Plan Types You Should Recognize
The exam may name a plan and expect you to predict the access rules.
| Plan | Referral to specialist? | Out-of-network? |
|---|---|---|
| HMO | Usually required from a primary provider | Generally not covered except emergencies |
| PPO | Not required | Covered at a higher patient cost |
| EPO | Usually not required | Generally not covered |
| POS | Often required | Covered with a referral, higher cost |
| Medicare/Medicaid | Program-specific rules | Program and state specific |
Knowing that an HMO patient needs a referral before seeing a specialist explains many "why was this denied" items: the referral was the missing step, not the coding.
Reading an Explanation of Benefits
The explanation of benefits (EOB) is sent to the patient and the remittance advice to the practice. Both show the billed charge, the allowed amount (contracted rate), the plan payment, any adjustment (the write-off of the difference between billed and allowed), and the patient responsibility (copay, deductible, coinsurance). A patient confused by a bill often misreads the billed charge as what they owe; the CCMA explains that the allowed amount and patient-responsibility lines are what matter, then routes a true dispute to billing.

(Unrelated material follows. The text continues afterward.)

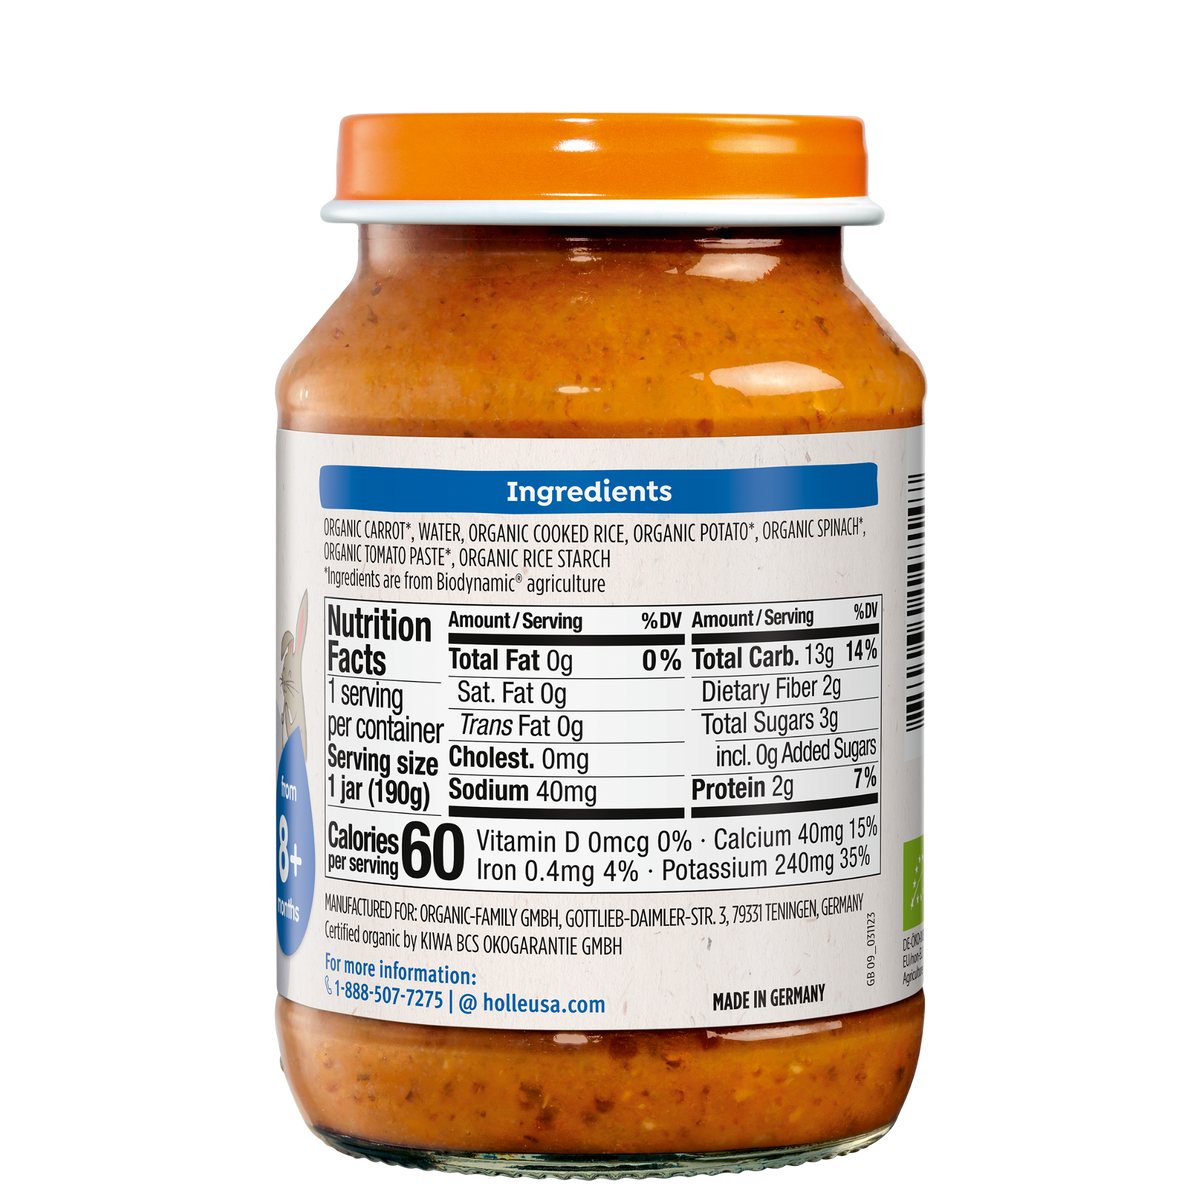 Holle Baby Food Jars - Veggie Risotto - 6 Jars

Self-Pay, Estimates, and the No Surprises Act
For uninsured or self-pay patients, many practices provide a good-faith estimate of expected charges, a practice reinforced by federal surprise-billing protections. Frame estimates as estimates, document that the patient received the financial policy, and never promise an exact final cost before the claim adjudicates.

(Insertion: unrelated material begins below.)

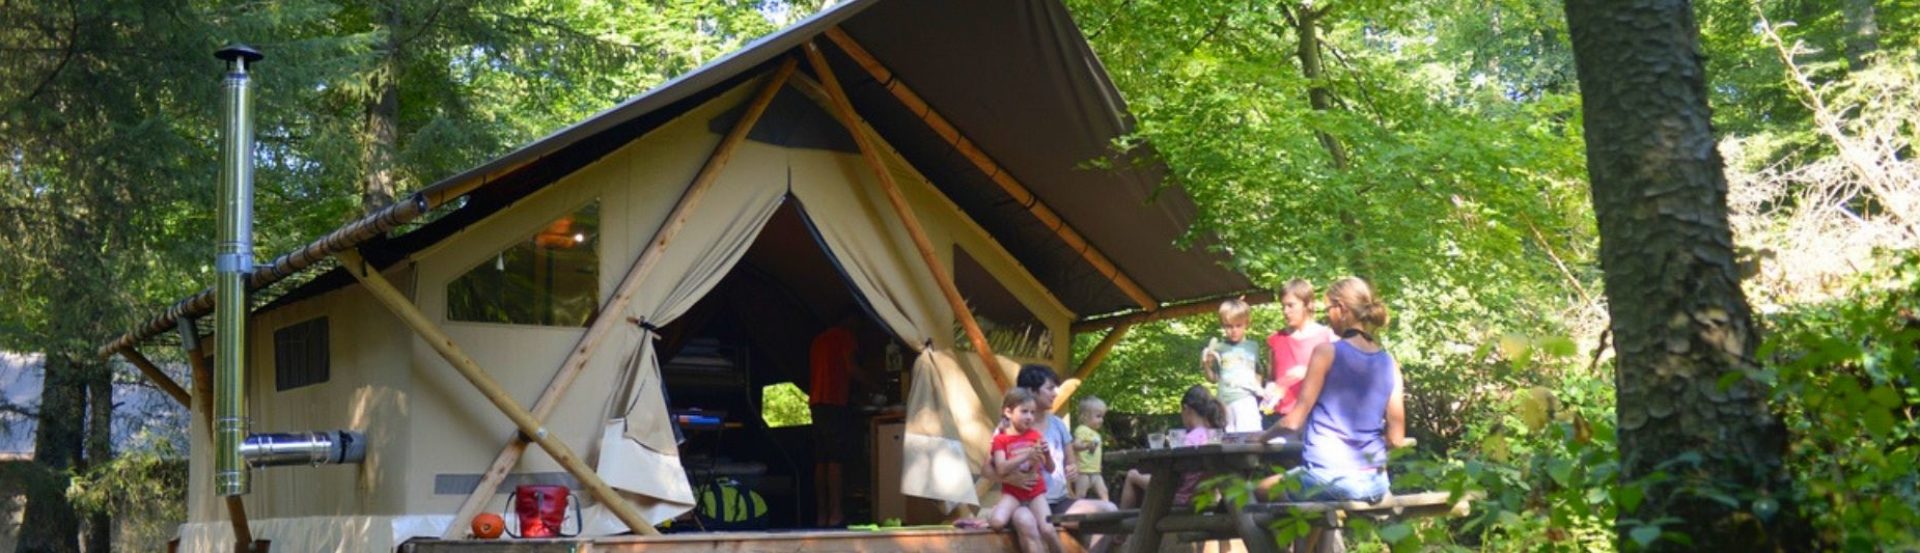 Glamping tent op camping met kamperend gezin

Fraud vs. Legitimate Correction (the Core Trap)
The most dangerous wrong answers in this section ask you to make a number work. Correcting a genuine clerical error (a transposed code, a missing modifier the record supports) is legitimate. Changing a diagnosis the record does not support, billing for a service not rendered, upcoding, or unbundling are fraud regardless of intent. When an option's logic is "do this so it gets paid," suspect a fraud trap and choose the option grounded in documentation.
A patient's plan has a $1,500 deductible that is not yet met and 20% coinsurance afterward. A covered service is billed at the contracted rate of $2,000. How much does the patient owe?
A claim is denied with the reason "no prior authorization on file" for an MRI that required it. Which CCMA action is appropriate?
What does verifying a patient's eligibility before a visit confirm?